I certainly agree with you there. Wally is not in the same class as Baron. Baron is second to Kidd and is on the upswing of his career. He is going to be something special IMO.


----------



## luciano

Is Davis worth the max? Who cares cos he got it and the rest is history!  
But yes i believe he has earned it!


----------



## naked hookers

Luciano- good to see you made it over!

Yea I do think he has earned it. He has been a true leader for us on the court, has been a good hornets ambassador in the media, and oh yea, has been a damn good player who can only get better.


----------



## TheRifleman

Baron is worth every dollar they pay him. He is a bulldog of a player - no quit in the guy. The Hornets are a great team with a great coach and in a new city, which will garner them more attention....attention they deserve.


----------



## BsktbllTrav24

This is by far an easy one to figure out. 
Baron Davis: PPG 18.1, RPG 4.3, APG 8.5 
During the playoffs: PPG 22.6, RPG 7.00 APG 7.9 (No Mash)
Whats that you say??Stats dont show anything? He does alot for this team. More than any one else on it. 
Led team in assists with 7.3 per game (tied for 11th in the NBA) in 2000-2001 

Finished fifth in the NBA in steals per game with 2.07 

Was named the NBA player of the week for 11/20-11/26 

Was candidate for NBA's Most Improved Player in 2000-2001 

Broke rookie franchise record for most assists in a season with 598 (held previous by Kendall Gill - 303) in 1999-00 

First on team in minutes played among players without a single start with 1,523 and first Hornets player to record at least 1,000 minutes in their rookie season since Alonzo Mourning (1992-93)

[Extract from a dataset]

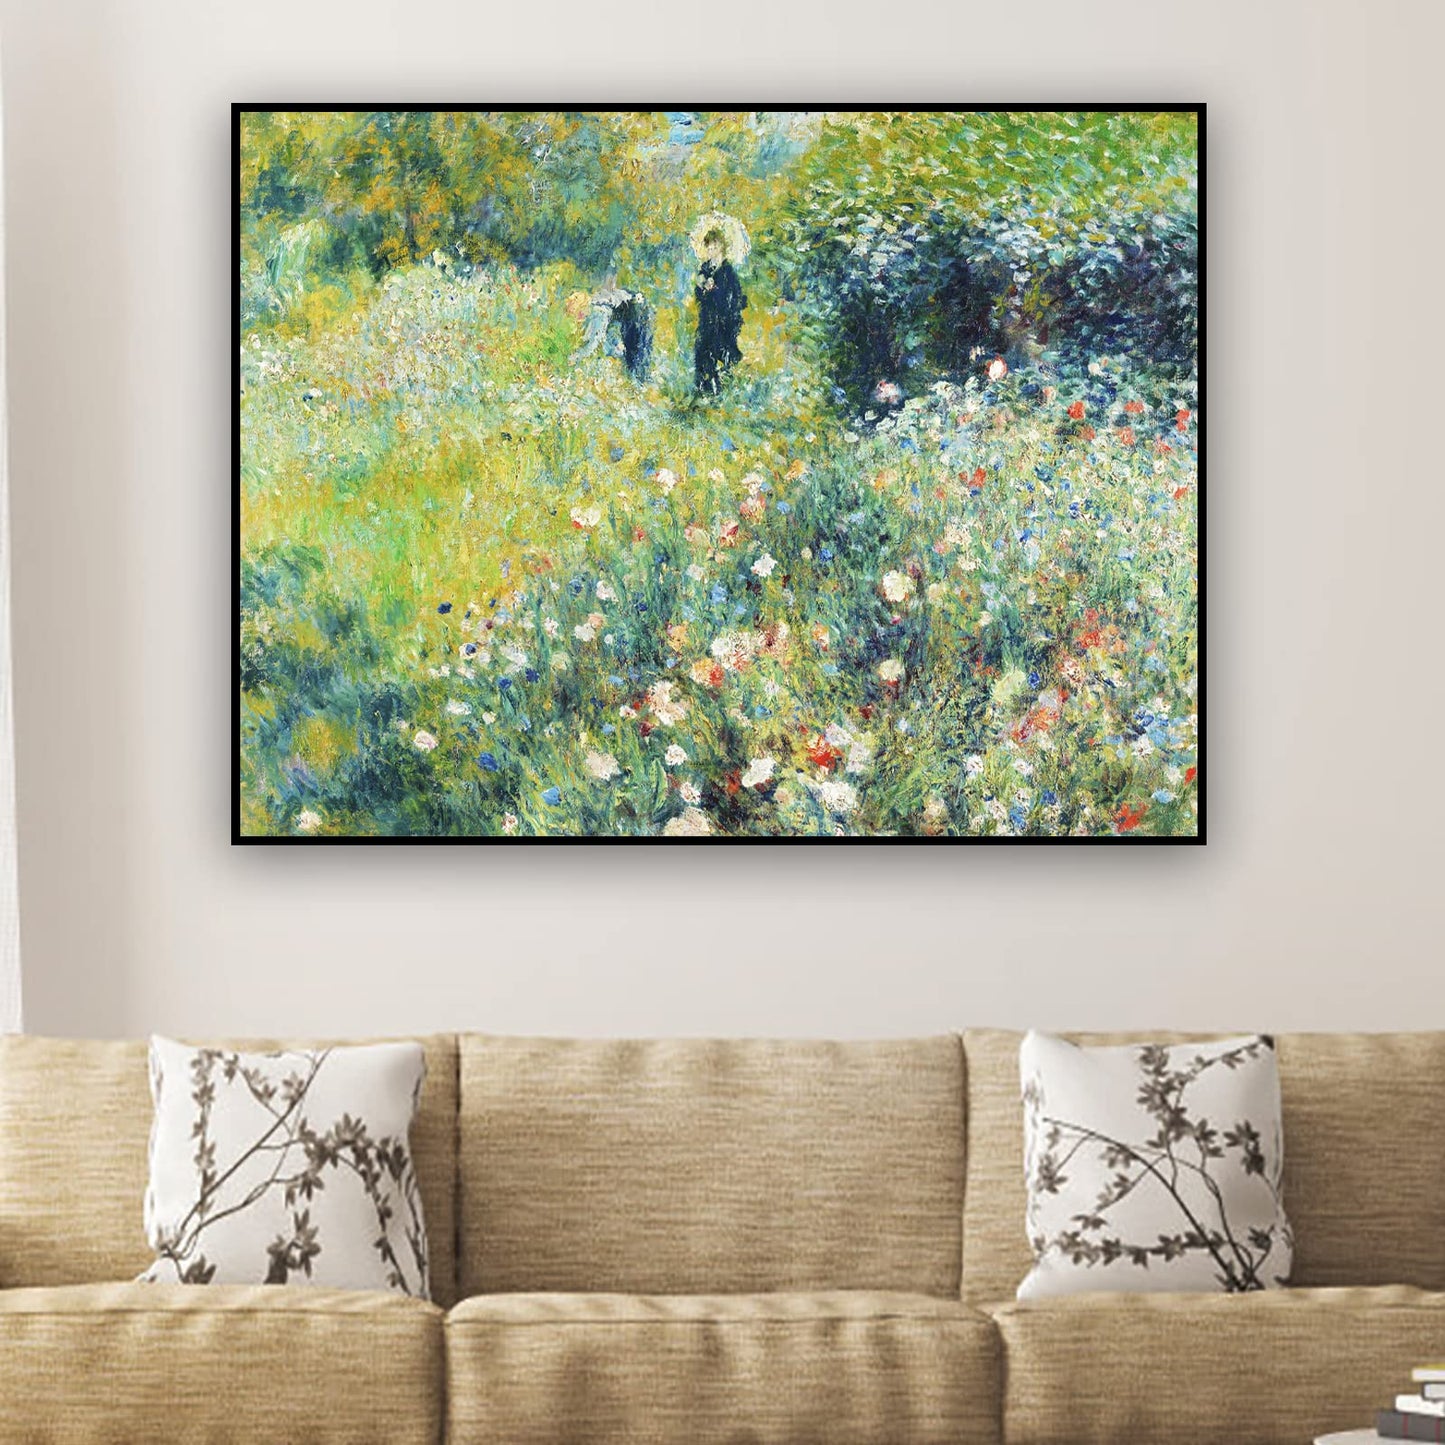 ZZPT Pierre Auguste Renoir Poster Print - Summer Landscape Canvas Wall Art - Oil Painting Reproduction Abstract Wall Decor for Living Room Office Unframed (12x16in/30x40cm)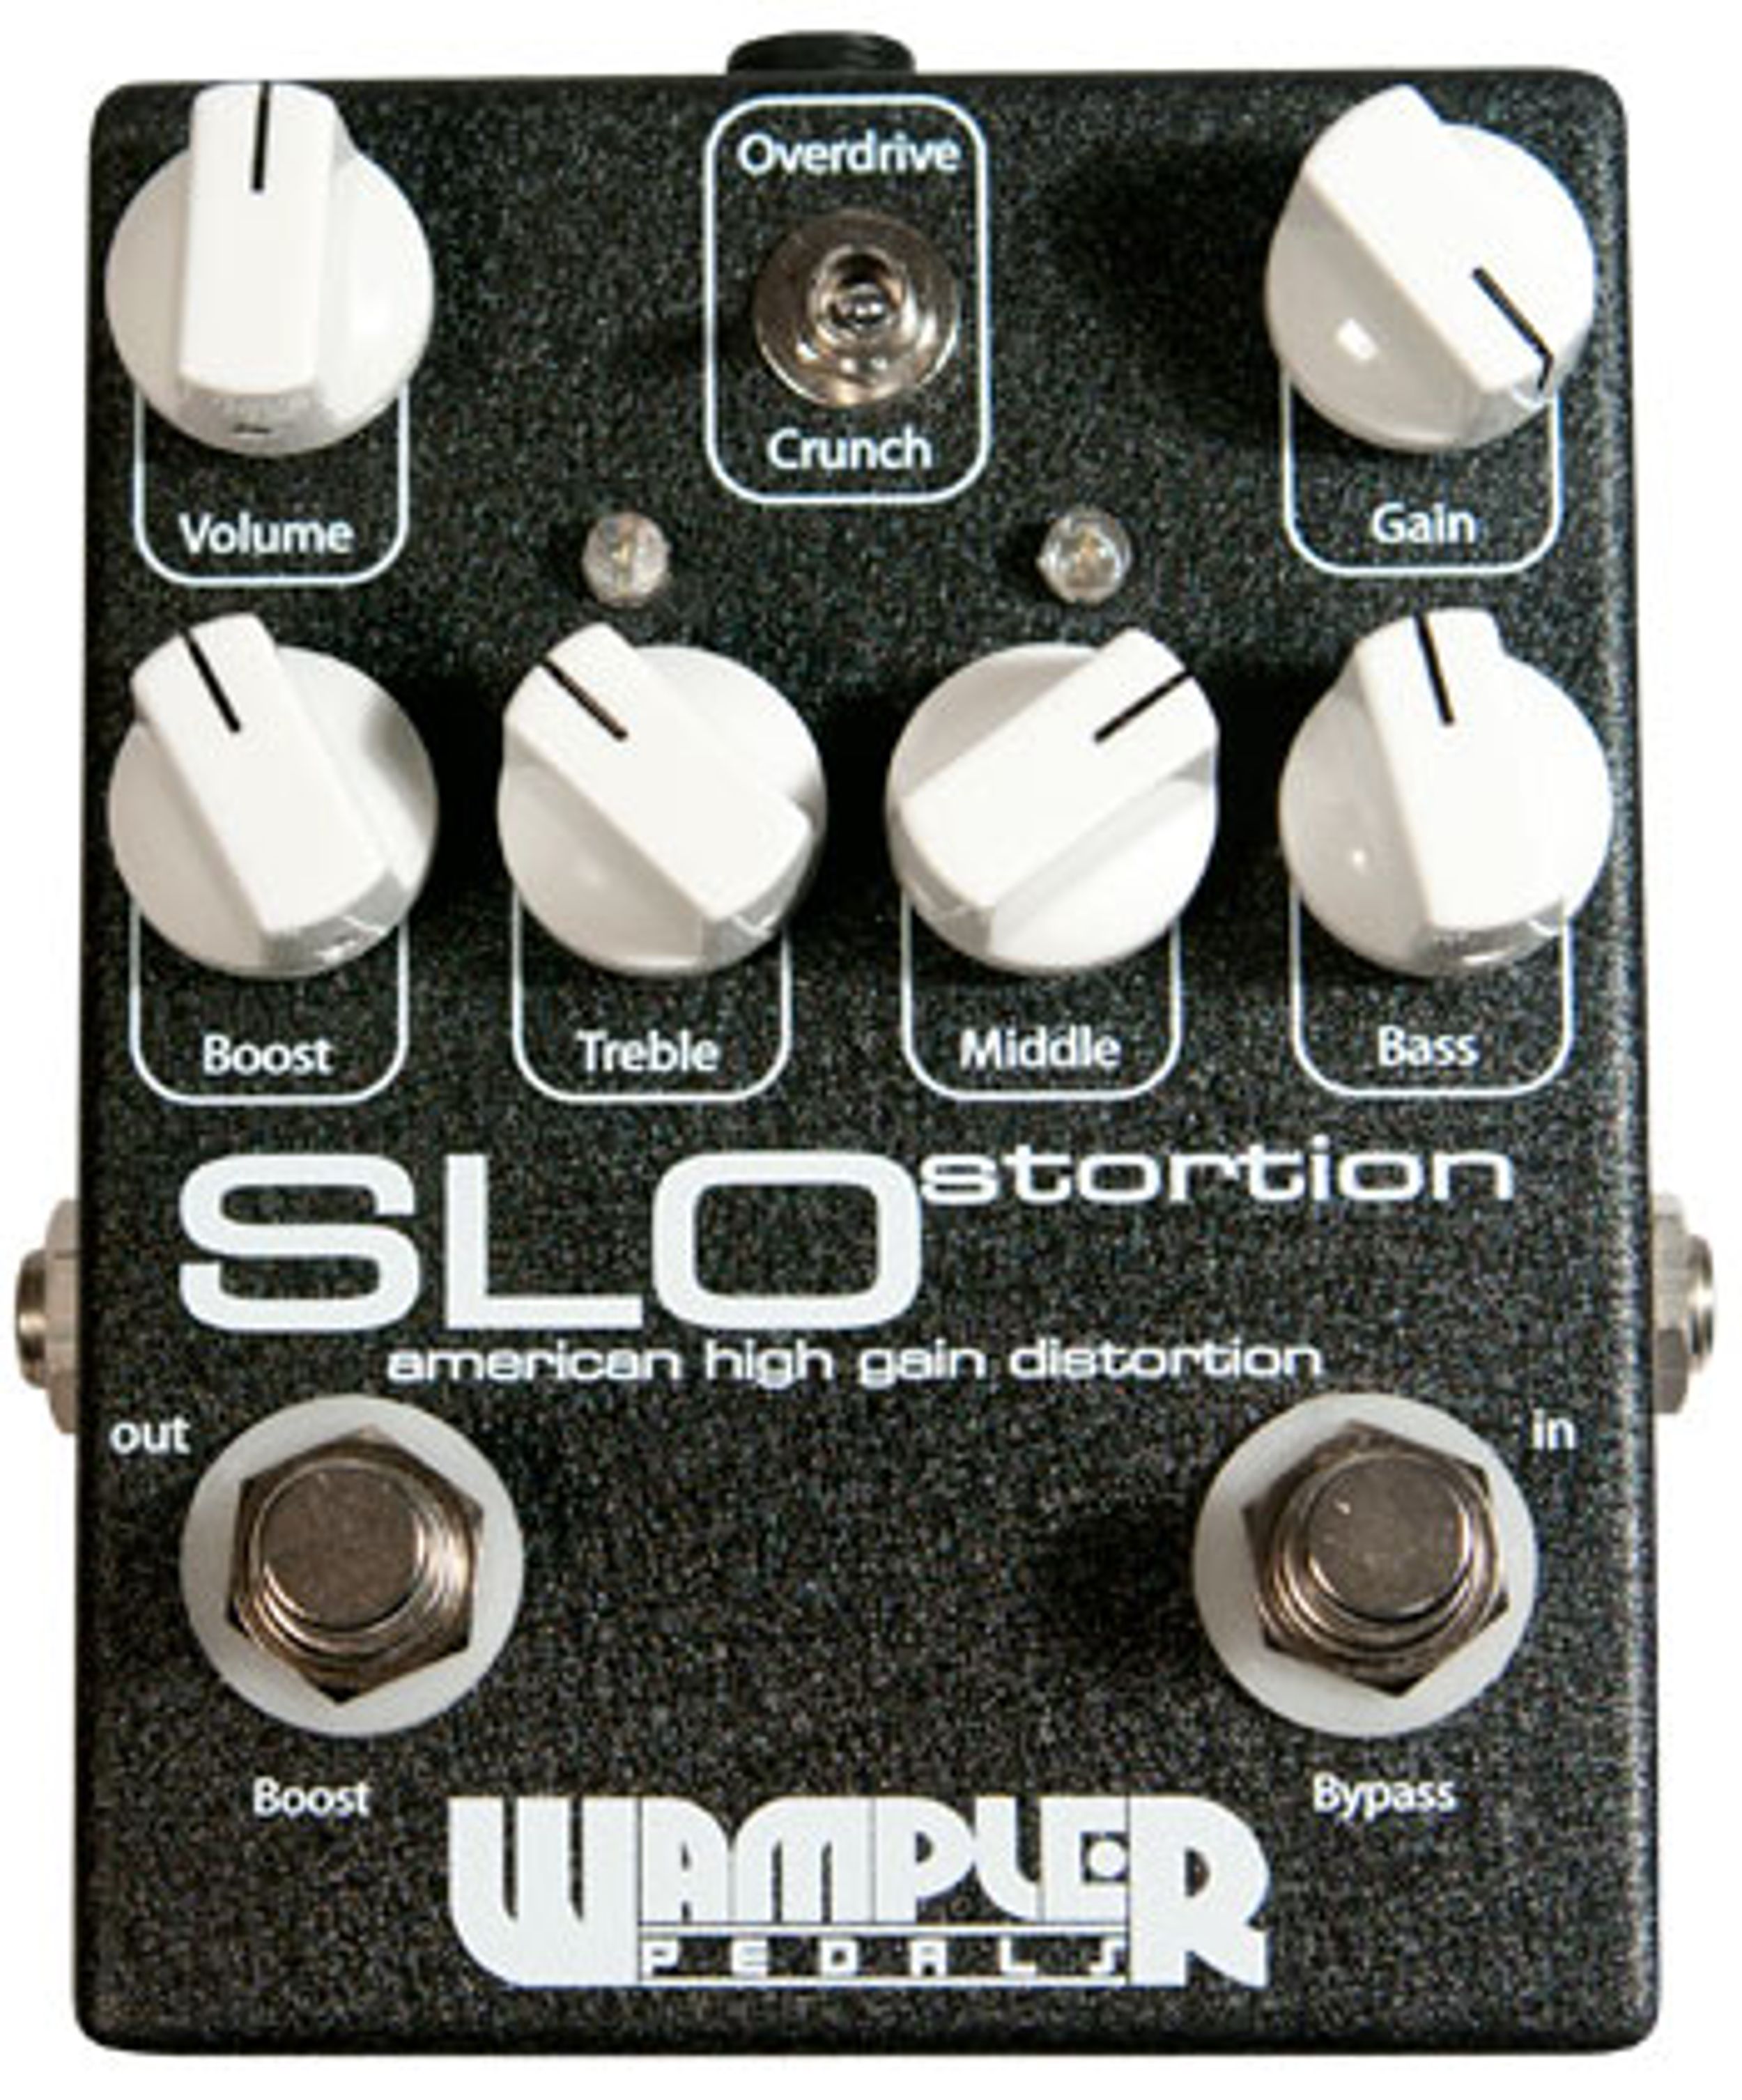 Wampler Pedals SLOstortion Pedal Review

Does any of that count? Hes done alot for his Franchise and is only in his 3rd year!!

Ranks #4 in the NBA in Assists Per Game(8.5)
Ranks #4 in the NBA in Steals Per Game(2.1) 
Ranks #7 in the NBA in Minutes Per Game(40.5) 
Ranks #4 in the NBA in Minutes Played(3318.0) 
Ranks #16 in the NBA in Field Goal Attempts(1341.0) 
Ranks #6 in the NBA in Three-Point Field Goals Made(170.0) 
Ranks #4 in the NBA in Three-Point Field Goal Attempts(478.0) Ranks #4 in the NBA in Assists(698.0) 
Ranks #2 in the NBA in Steals(172.0) 
Ranks #17 in the NBA in Double-doubles(29.0) 
Ranks #7 in the NBA in Triple-doubles(1.0) 
Ranks #9 in the NBA in Assists Per 48 Minutes(10.1) 
Ranks #10 in the NBA in Steals Per 48 Minutes(2.49) 

Hes worth the Max!


----------



## BsktbllTrav24

I would also like to add this. We can use Bibby to judge how much Barron is worth also. As a standard.
Bibby= $80 million 
PPG 13.7 
RPG 2.8 
APG 5.0 

Davis= $84 million 
PPG 18.1 
RPG 4.3 
APG 8.5 

This def. puts more confidence that we gave davis what he was worth. For $4 mil extra we get about 4.4 more ppg, 1.5 more rpg, and 3.5 more assists with a helluva alot of leadership for this team! Not to mention there both clutch in the playoffs.

Baron is worth the max.


----------



## luciano

thanks naked hookers, btw are you big_aristotle at fanhome?


----------



## BsktbllTrav24

Yes he is just in case he doesnt read your message anytime soon.


----------